Should I publish MD5 or SHA-256 alongside my downloads?

SHA-256 minimum, ideally with GPG signatures over the hash. MD5 is cryptographically broken — anyone who controls the download server can swap both the file and the published MD5 and make them match. SHA-256 alone has the same weakness if the attacker controls the publisher. The real defense is signed checksums where the signing key is held offline.

Why does TCP have a checksum if Ethernet already has CRC?

Defense in depth across layers. Ethernet's CRC catches errors on a single link, but packets cross many links (and routers) on their way to you, and corruption can happen on any of them — including in the router's memory between the input and output queues. TCP's checksum catches errors that slip past Ethernet, especially on misbehaving hardware.

Is BLAKE3 better than SHA-256?

Faster, yes — BLAKE3 can be 5-10× faster than SHA-256 on modern CPUs, especially with SIMD and parallel hashing. But SHA-256 has wider hardware support, broader ecosystem (every language, every protocol), and decades of cryptanalysis. For new internal systems where speed matters, BLAKE3 is a reasonable choice. For interop with everything else, SHA-256 is still the default.

Can I use a checksum to detect intentional tampering?

Only if it's an HMAC or signed hash. A plain hash like SHA-256 detects corruption but an attacker who modifies the file and recomputes the hash can publish both unchanged.

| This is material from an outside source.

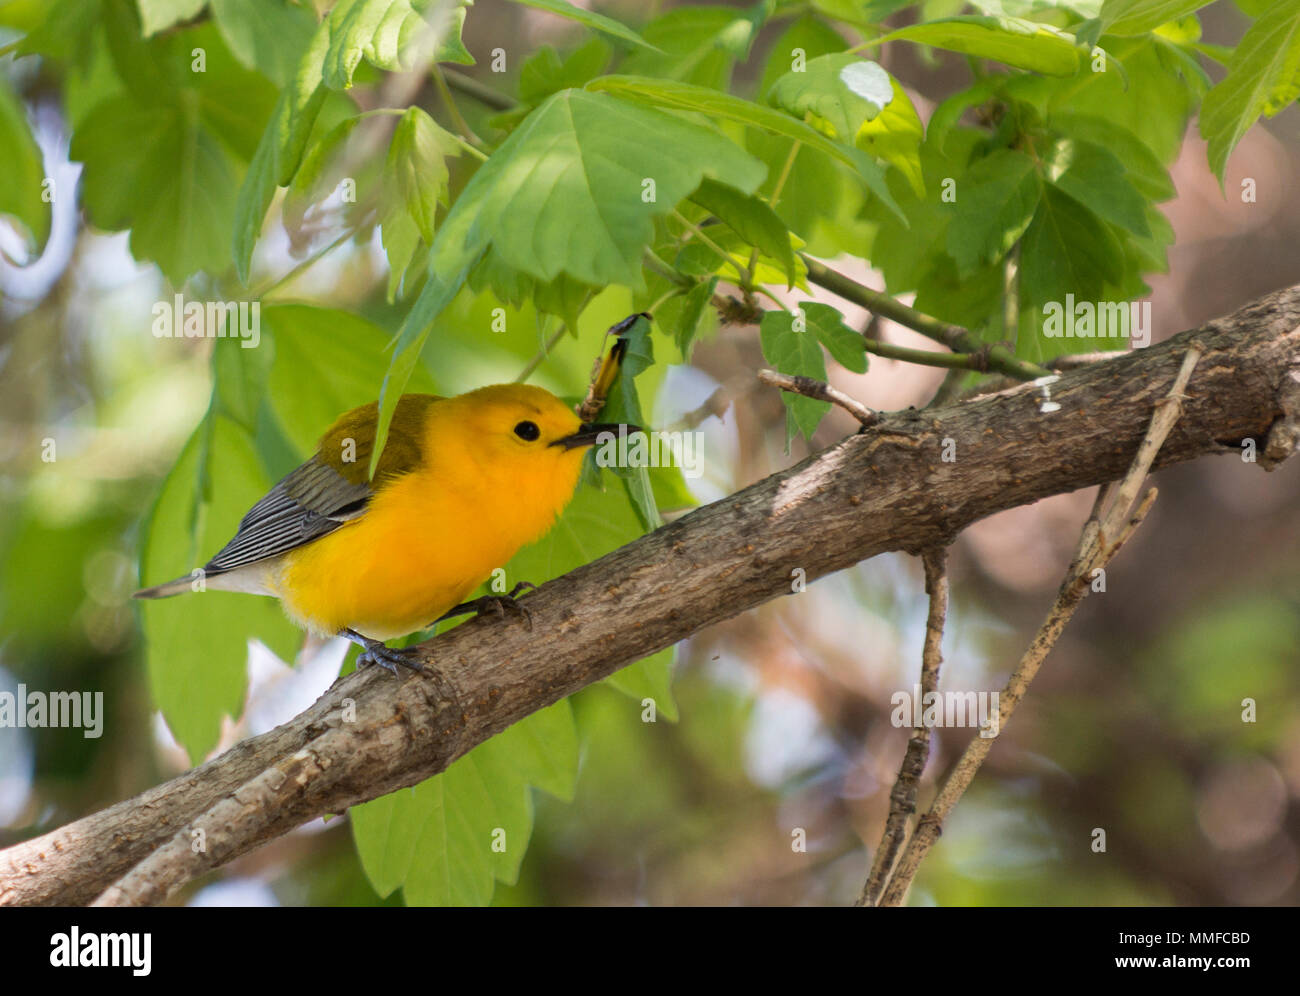 A Prothonotary Warbler bird seen  at Magee Marsh in Northwest Ohio during the spring migration. Stock Photo

HMAC requires a secret key to compute, so attackers without the key can't forge a valid HMAC. For public verification, use a digital signature (private-key sign, public-key verify).

Why doesn't HTTPS make checksums redundant?

HTTPS protects data in transit between you and the server. It doesn't protect against the file being tampered with at rest on the server, nor against you downloading from a mirror that's been compromised. Published checksums (especially signed ones) verify the file you got matches what the publisher intended, regardless of how it got to you.

What's the right checksum for a 1 GB file?

SHA-256 is the standard answer — secure, well-supported, fast enough that 1 GB hashes in seconds on a modern CPU. SHA-512 is slightly faster on 64-bit hardware. BLAKE3 is faster still and parallelizable. For software releases, follow the convention of the ecosystem (most use SHA-256). Don't roll your own; never use MD5 for anything security-relevant.